Other 19th Century visitors, escaping rigorous northern winters, described the island as, “draped in white, its trees seemingly covered with snow….” (Owing to the downy young pelicans and other white birds perched atop the whitewashed nests and mangroves.
In late 1900, Frank Chapman talked to William Dutcher and Theodore Palmer about buying Pelican Island, thereby enabling protection for the island’s wildlife. Chapman, a bird curator at New York’s American Museum of Natural History, author of many bird books, and founder of Bird-Lore (the Audubon Societies’ magazine), was an active member of the American Ornithologist’s Union (AOU). He had visited Pelican Island during nesting seasons in 1898 and 1900 (the 1898 visit coincided with his honeymoon; his bride was enlisted to skin and prepare a pelican series) to photograph the brown pelicans and study nesting attributes and colony success. Palmer was an Assistant Chief in the Division of Biological Survey, U.S. Department of Agriculture (DOA), charged with implementing the Lacey Act of 1900 to protect birds. Palmer, a key member of the AOU Committee on the Protection of North American Birds also became involved in the resurgent Audubon Societies, a movement committed to halting the wanton slaughter of innocent bird life for thriving markets. Chapman wanted Palmer to research the steps for purchasing the island from the State of Florida (however, his assumption about state ownership was wrong; it was soon determined that the island was federal public land).

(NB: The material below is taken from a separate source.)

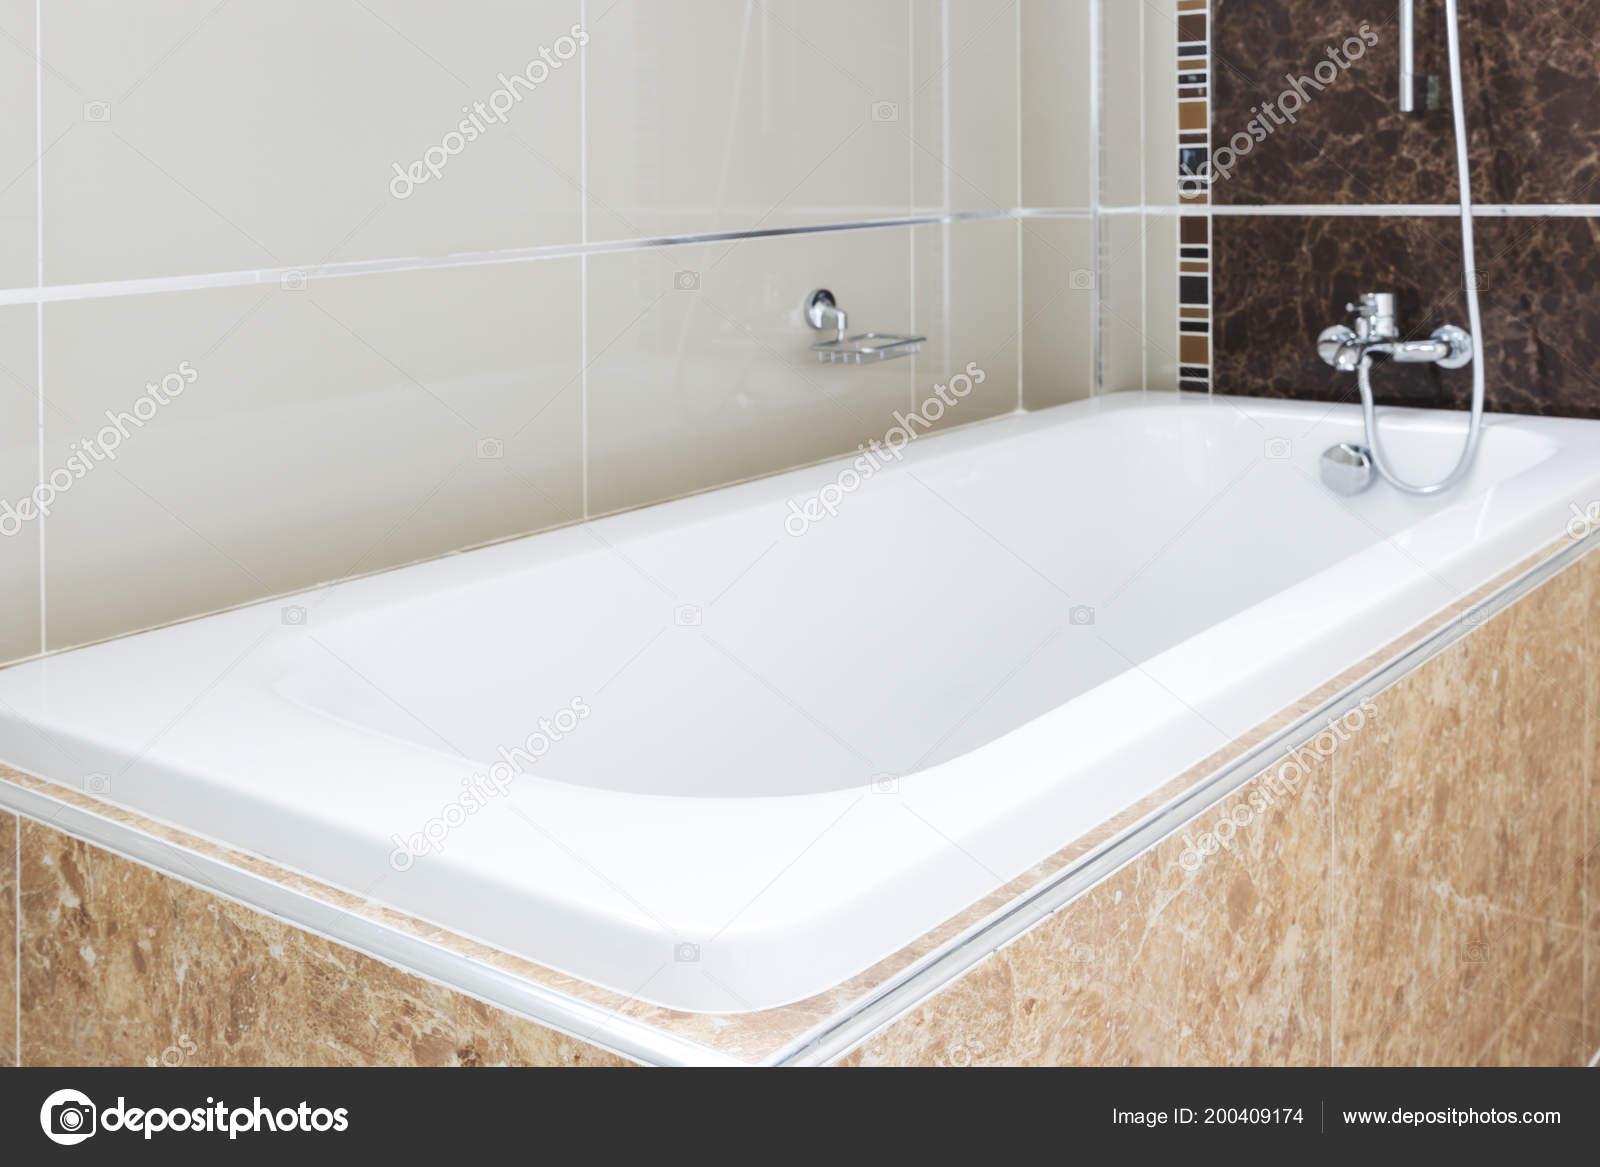 Vasche Da Bagno Design Moderno : Vasca bagno design moderno casa sfocatura bianco sanitari bagno

In April 1901, Palmer was asked to go to Tallahassee by Dutcher, Chairman of the AOU Bird Protection Committee, to meet with the Legislature and seek passage of the “AOU model law” to protect non-game birds. Before 1901 only five States had effective laws for non-game birds. During 1901, the Committee (primarily Dutcher and Palmer) obtained passage of adequate laws in eleven States, including Florida. Palmer, an expert in wildlife legislation, often had to make adjustments in the model law to accommodate individual states’ needs. Florida’s new law was enacted June 4, 1901, and its passage enabled the AOU Committee to hire wardens with money from the “Thayer Fund” to protect important Florida bird colonies. Those “nurseries” were being systematically devastated by gunners paid by middle-men merchants making a living selling feathers, birds, and parts, mostly to New York markets.
Profile of William Dutcher, a Key Figure in the Pelican Island Reservation
William Dutcher (1846-1920), an insurance agent in New York City, and Theodore Palmer each performed tasks vital to obtaining the Executive Order setting aside Pelican Island, America’s first National Wildlife Refuge. Their efforts deserve our recognition and appreciation.
William Dutcher’s energetic leadership in revitalizing the flagging Audubon Societies movement at the beginning of the 20th Century epitomizes volunteerism. Dutcher had a passion, fostered by self-education and his friends, for natural history—especially life histories and protection of birds. He held charter membership on the AOU Bird Protection Committee, and served as Chairman in 1896-97 and from 1899-1905. He participated in the first Audubon movement begun in 1886 by Forest and Stream Editor George Bird Grinnell. In 1902 Dutcher led in the establishment, and became Chair of the Audubon Societies’ National Committee.
In spite of considerable strain on his business, Dutcher fostered the bird protection cause on many fronts—legislative, administrative, law enforcement, and by dissemination of popular and scientific information. With Palmer, he initiated, lobbied for, and gained passage of laws protecting non-game birds in more than 40 States. Dutcher received no remuneration for his work on behalf of birds.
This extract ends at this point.